This is a romance (think romantic comedy and you’ve got the right mood), so of course there’s going to be a happy ending, and along the way you’ve got charming characters to enjoy (including Carlos’ family and Nik’s female friends).  Watching someone rise from humiliation to joy is always a good thing, and especially with all the dark things going on in the world these days. Take a break and check out The Proposal.



If you’re bored by the usual detective stories or the usual historical novels, or if you think you’ve seen it all in westerns, do we have a book for you!  The Best Bad Things, by Katrina Carrasco, is a unique combination of mystery, western and historical fiction, with some gender fluidity and cross-dressing thrown in to make it still more interesting.

The setting is Port Townsend in 1887, a wild and woolly frontier town in Washington State.

Our main character, Alma Rosales, is quite a character. She had been trained by the legendary Pinkerton Detective Agency as a detective, but got fired for bad behavior, including her penchant for disguising herself as a man.  She then switched sides in the war on crime, coming to work for Delphine Beaumond, her former lover and now the head of an opium smuggling operation.
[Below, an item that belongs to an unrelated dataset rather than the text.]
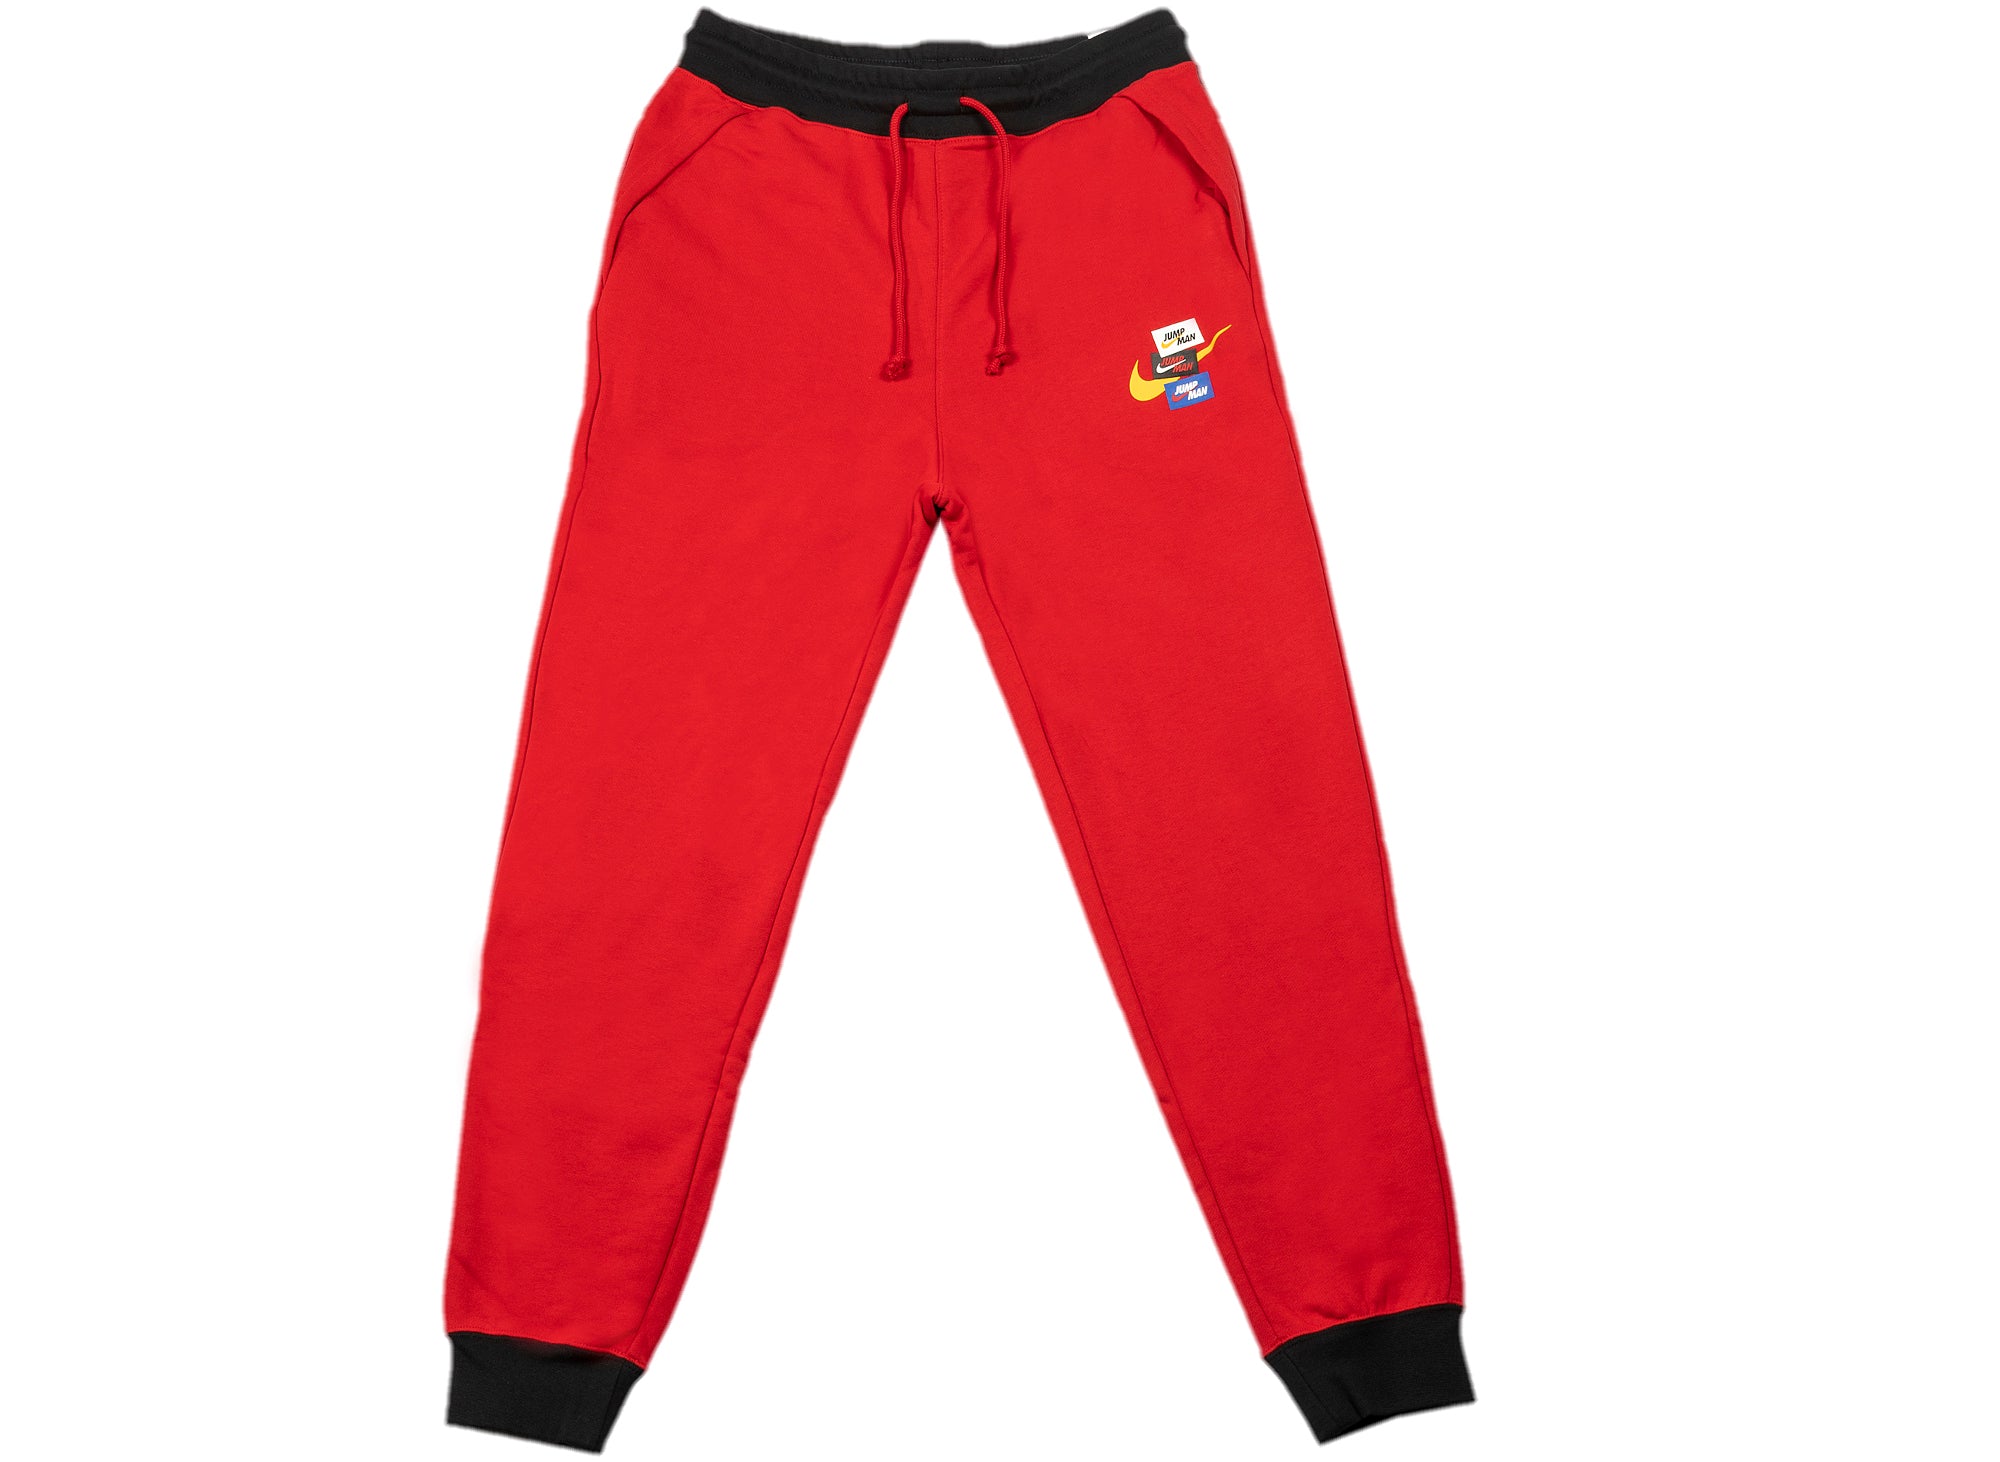 Jogging bottoms Nike Jordan Red for Men - DQ7340-687
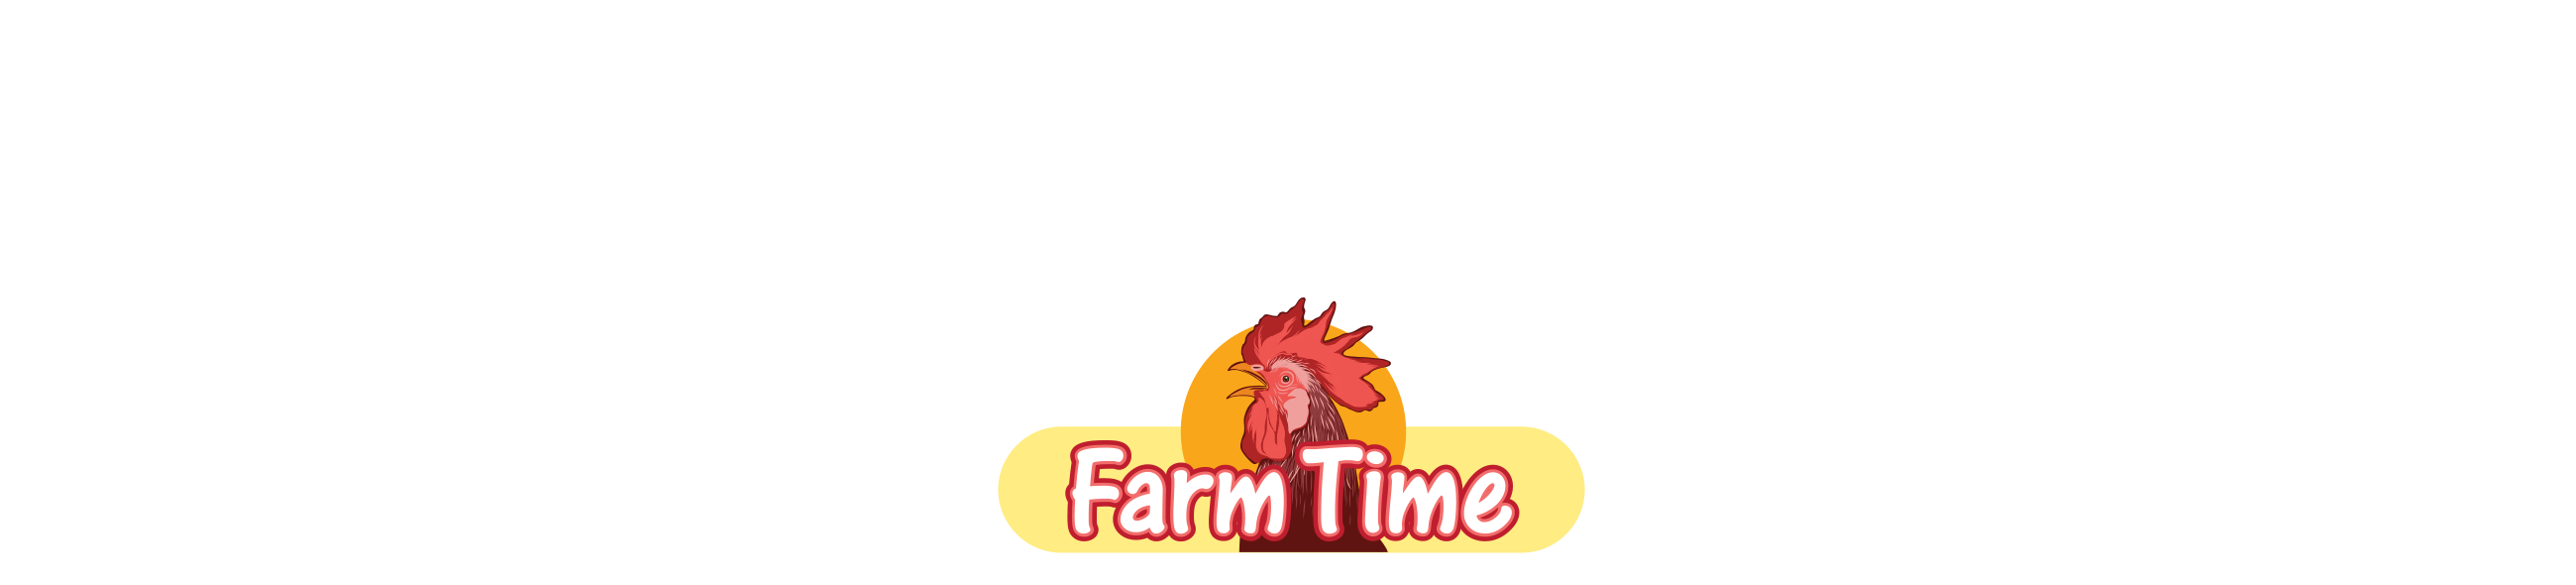 Farm Time

When a shipment of opium goes missing, Delphine wants it tracked down and Alma is delighted to take the job.  Disguising herself as Jack Camp, she infiltrates the opium gang, gaining the trust (she thinks) of the union boss (a man who’s very interesting to her for other reasons as well) and her fellow workers, finding out what happened to the opium and who’s the traitor in the organization, while at the same time sending messages to the Pinkerton investigators who are closing in on the gang, trying to dissuade them from cracking down just yet.  

She’s having fun playing all these different roles, but as double crosses and betrayals mount up and it becomes harder and harder to tell who’s on whose side, Alma runs the risk of letting something slip and being uncovered as a spy, a traitor, a woman, in an environment where any of those things could cause her destruction.

A complicated plot, a vivid and detailed setting, and a main character like few others in mysteries, westerns OR historical novels make this one to check out.